You might get a better response in the "pond management" section. Maybe the Mod can move this thread to the pond management. Good luck with your pond!


----------



## Fishingislife (May 20, 2004)

removing cattails in the central Ohio fishing reports?? Thats a good report on knowing you have cattail problem!


----------



## floater99 (May 21, 2010)

Try using Aqua Shade,not sure where to get it but it works.


----------



## bassbuster065 (Apr 28, 2010)

huntingfishing said:


> my pond has catail growing all around the bank*,(just purchaced it)* i know there is huge bass in it(seen them), like 6# plus, and i dont want to harm them. what is the best way to remove catails without killing fish.
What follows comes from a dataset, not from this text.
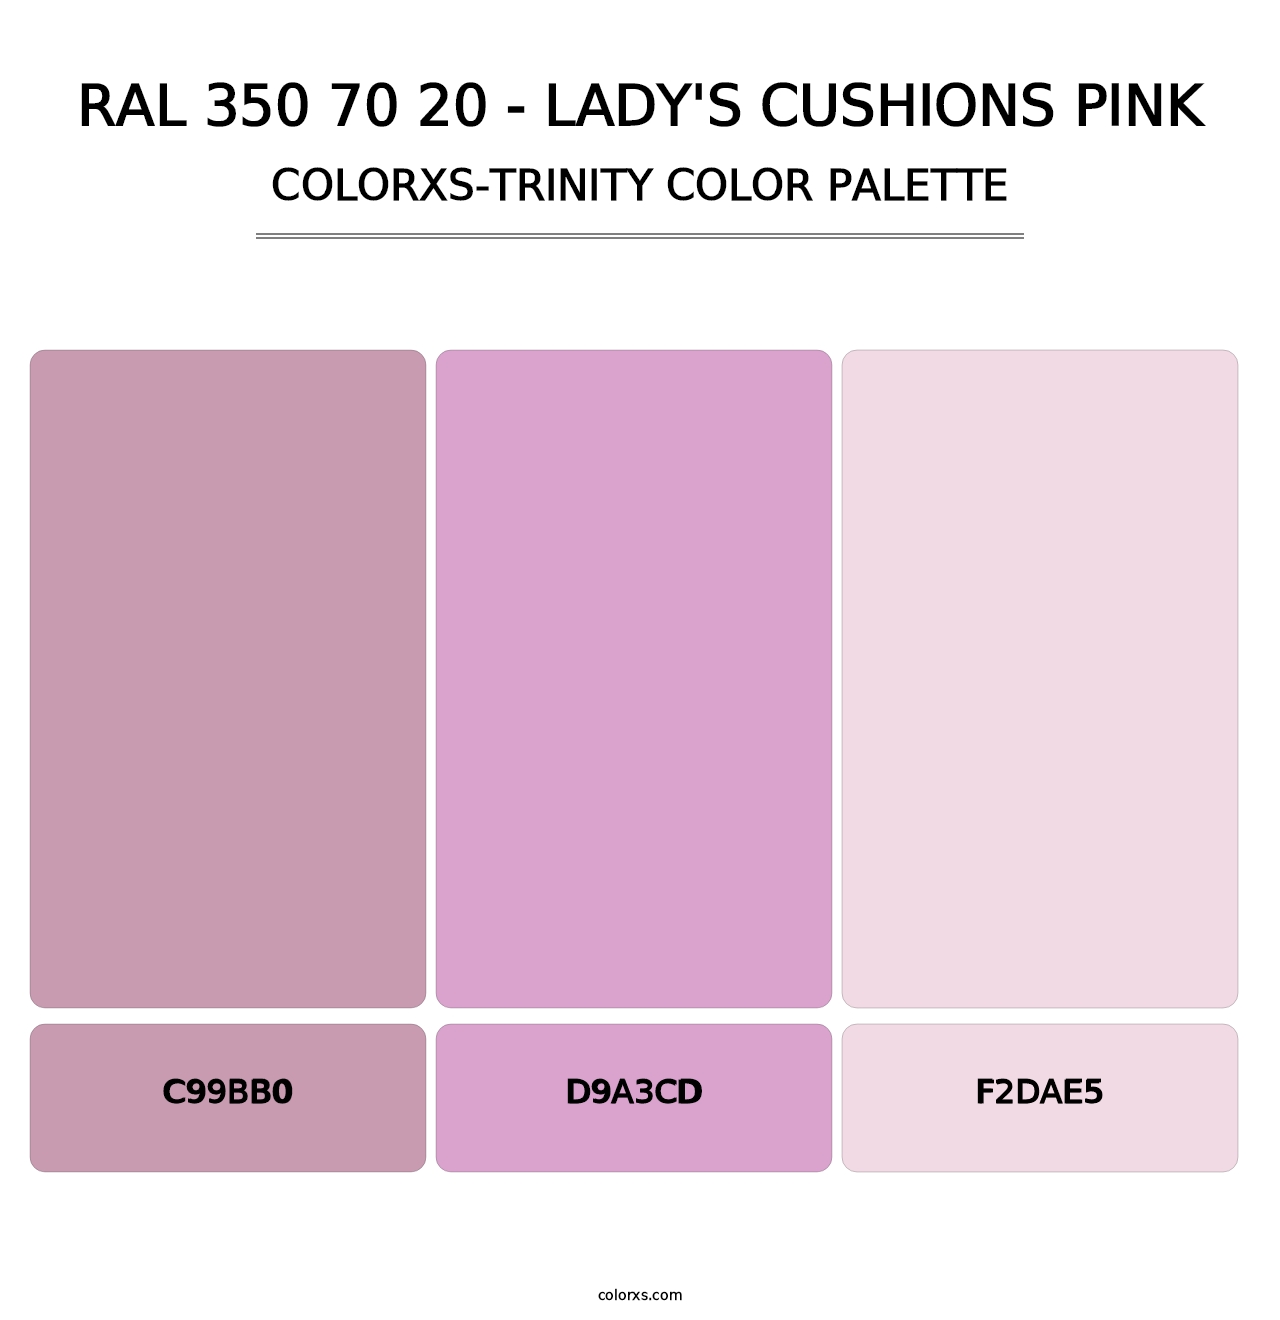 RAL 350 70 20 - Lady's Cushions Pink - Colorxs Trinity Palette

bull crap you dont have a pond


----------



## [email protected] (Feb 29, 2008)

try a glyphosate herbicide. we sell it under the trade name AquaPro. You also use a surfactant to make the spray stick better; Cide-Kick is the brand we sell. Mix two ounces of each per gallon of water and spray the foliage. Aquashade will not do a thing for cattails.


----------



## Character Zero (Jan 6, 2005)

a backhoe and a dump truck. The seeds are way down in the silt.


----------